Breaking up the Perfect Game
What if we were to evaluate physicians like we do baseball hitters?
What if we were to evaluate physicians like we do baseball hitters? By their batting average? Under this construct, if we consider a batter who bats 0.333 (that is, makes a hit one out of three times at bat) a success, might we consider a surgeon who performs the correct operation one out of three times to also be successful? Of course not you say. And so does Dr. Brian Goldman (a Canadian ER Doc) who posed this very question at the front end of a 2011 TEDx program. (The link is below.)
Dr. Goldman, using personal examples, eloquently argues that even though physicians are trained to bat 1.000, in actuality, this is impossible; and that attempting to achieve a 1.000 batting average may be as destructive as it is unachievable. Physicians are humans. Humans make mistakes. Medical mistakes will be made. But there are ways to mitigate them, and modern medicine is beginning to realize multi-faceted means of doing this –using tools such as checklists and decision support via the electronic health record, and nurturing a culture of psychological safety that allows all providers (not just doctors) to help catch errors before they occur.

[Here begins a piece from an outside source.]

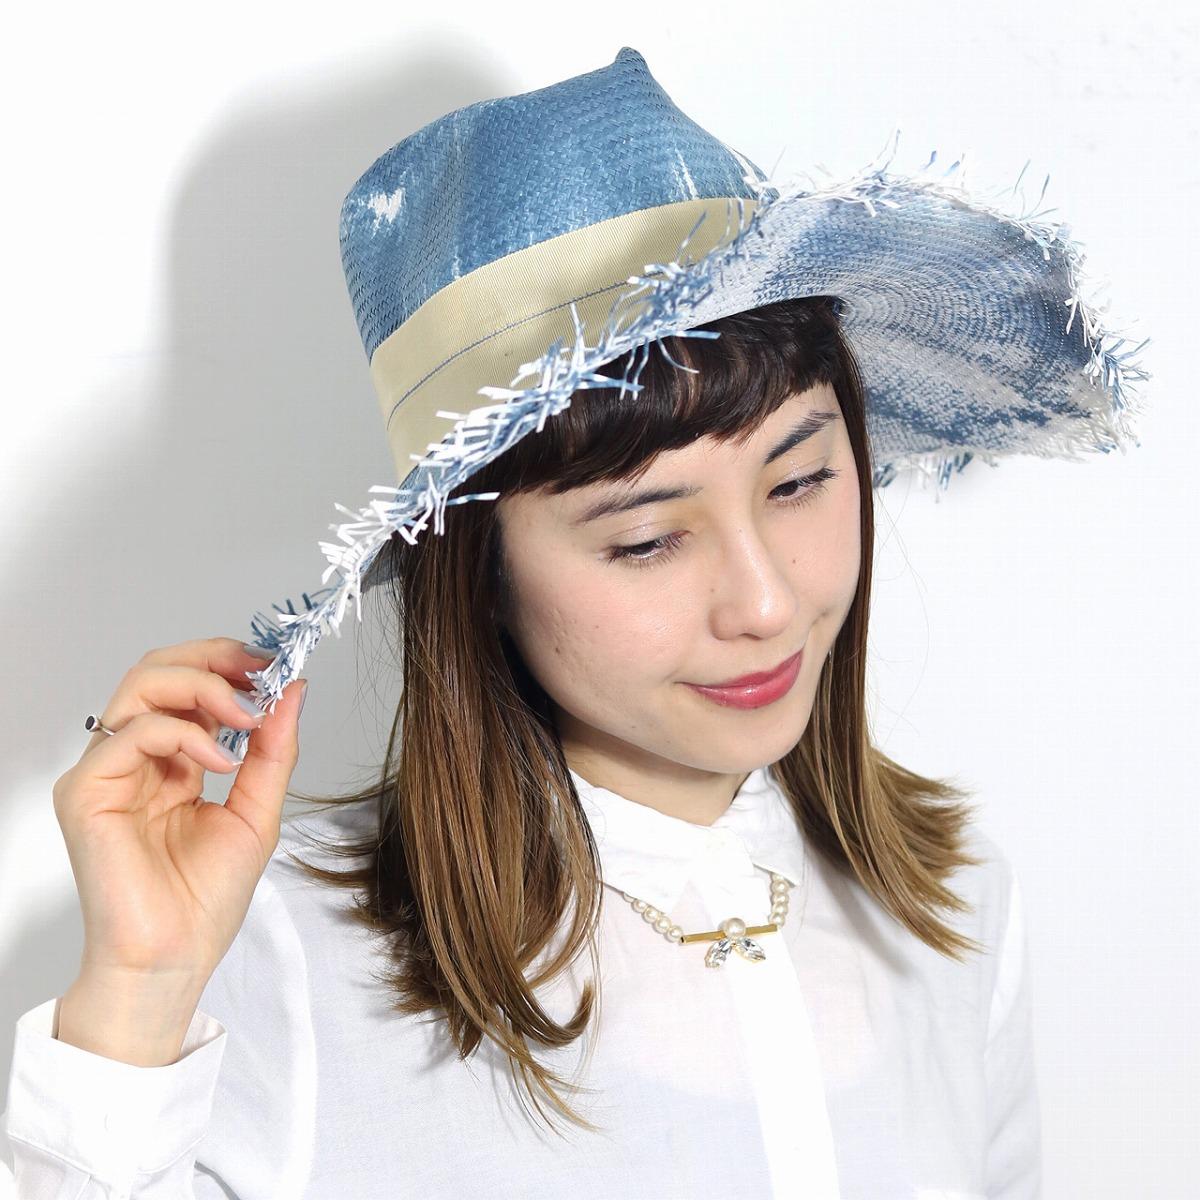 リゾートビーチで使えば注目度No.1 個性的でオシャレな切りっぱなしつば広ハット BROOKLYN HAT ストローハット つば広 ハット レディース ブルックリンハット 帽子 切りっぱなし ビーチ リゾート コーデ レディース ツバ広 カット 個性的 ペーパーハット 紫外線 UV対策 帽子 水着 ハット 麦わら帽子 青 ブルー [ straw hat ] 父の日 ギフト 帽子 プレゼント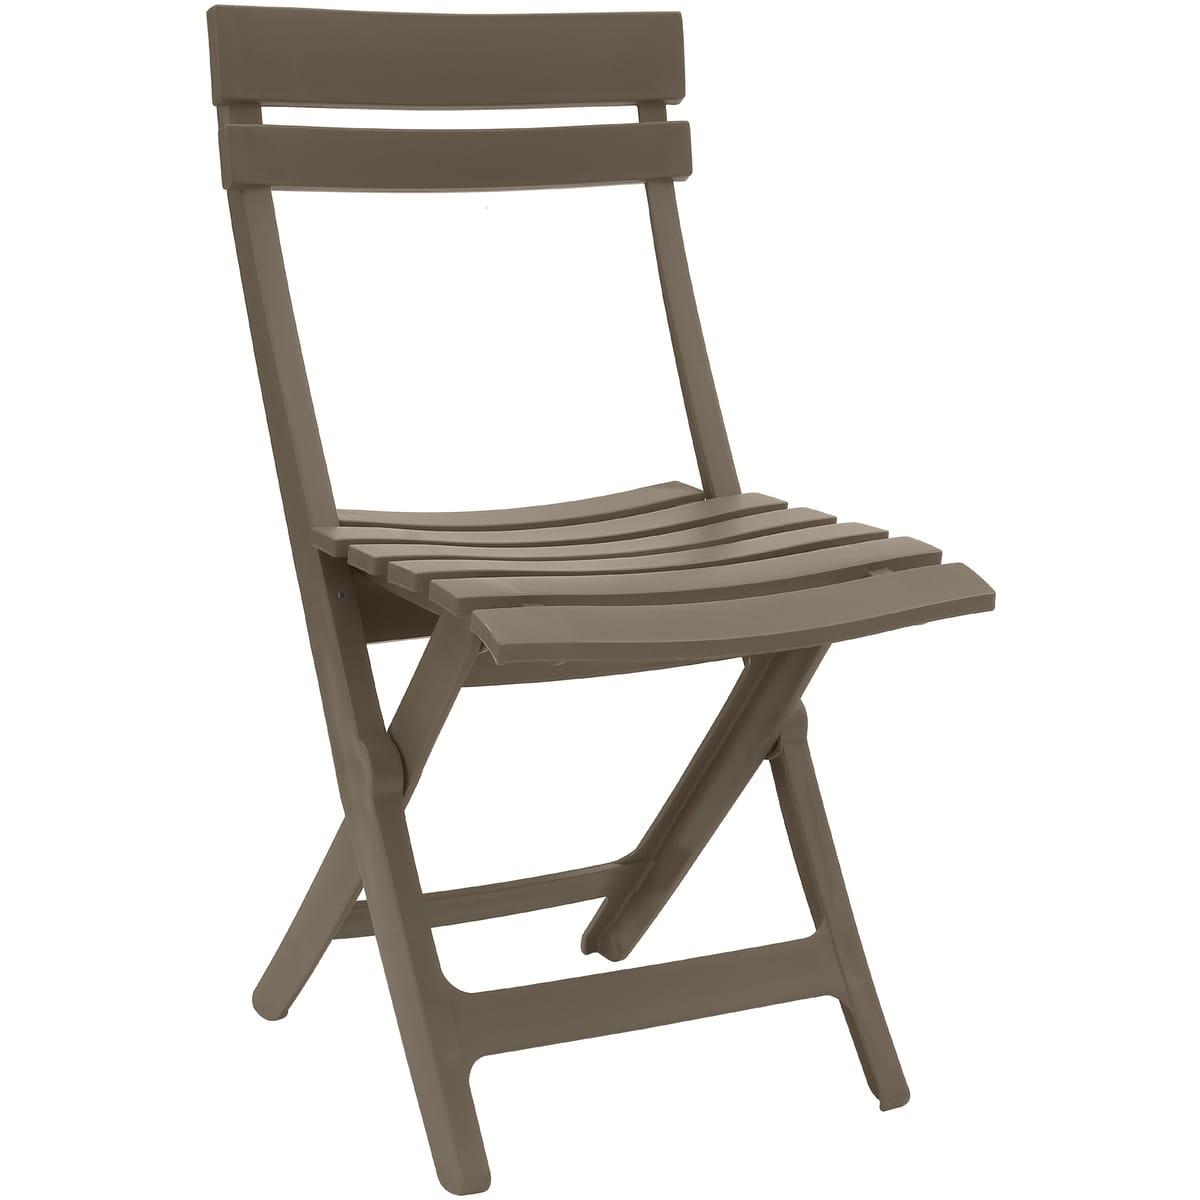 Grosfillex Chaise De Jardin Pliante Résine Miami Taupe tout Chaise De Jardin Auchan

In this respect, perhaps a different baseball analogy is more instructive. What if we thought of medical mistakes not in terms of an individual physician hitting 1.000, but instead of a team trying to prevent the perfect storm of events (lets call this a perfect game) that allow a medical error to come to fruition? In baseball, a perfect game is defined by a pitcher who gets out every batter he faces – 27 up and 27 down – no runs, hits, or errors. And while this past season witnessed three such performances (Philip Humber, Matt Cain and Felix Hernandez), they are in sum, quite rare. Since 1900, in fact, there have been only 21 perfect games in all of major league baseball. If you consider that, in the modern era, there are some 4,860 major league baseball games each year, this makes the perfect game (historically) far more rare than other uncommon events – like a plane crash or a total eclipse of the sun.
If we take the prevention of a perfect game as the model for where we would like to get with medical errors – we can start to think of team and system-based means of prevention. To illustrate, let’s take the hypothetical case of a patient presenting to an Emergency Department (ED) with an acute myocardial infraction (heart attack). In this analogy, it only takes one person, or one system out of many, to safely secure the diagnosis and break up the perfect game. So, hitting leadoff is the ED triage nurse - who greets a woman with severe right-arm pain. The nurse is fooled, and whiffs on the diagnosis – sending the patient to the back of the department with an “arm” complaint rather than as a “rule out cardiac.” The rooming nurse, the tech, and the medical history review section of the electronic health record also make outs – none of them identifying this woman as high risk for a heart attack. And so does the ER doc, the cardiac monitor and the risk profile algorithm embedded in the electronic record. And so it goes, the perfect “game” still intact (remember in this analogy we are trying to prevent a perfect game), until, on her second at bat, the primary nurse asks again about the patient’s arm pain – and learns that the patient’s sister had very similar pain when she was having a heart attack. And so, well before this has achieved a perfect storm of flukes and misses, this information has been passed on to the ER doc and the diagnosis has been safely secured. And then let the therapeutic rally begin.
Thus, we see here how in a situation in which multiple providers struck out, the system, through repetition and redundancy, was still able to prevent the perfect game. Perhaps, as such systems and risk profilers get refined, we can begin to think about moving beyond the perfect game model – to a medical system that (via the sum of all its parts) bats 1.000. Wouldn’t the lawyers love that?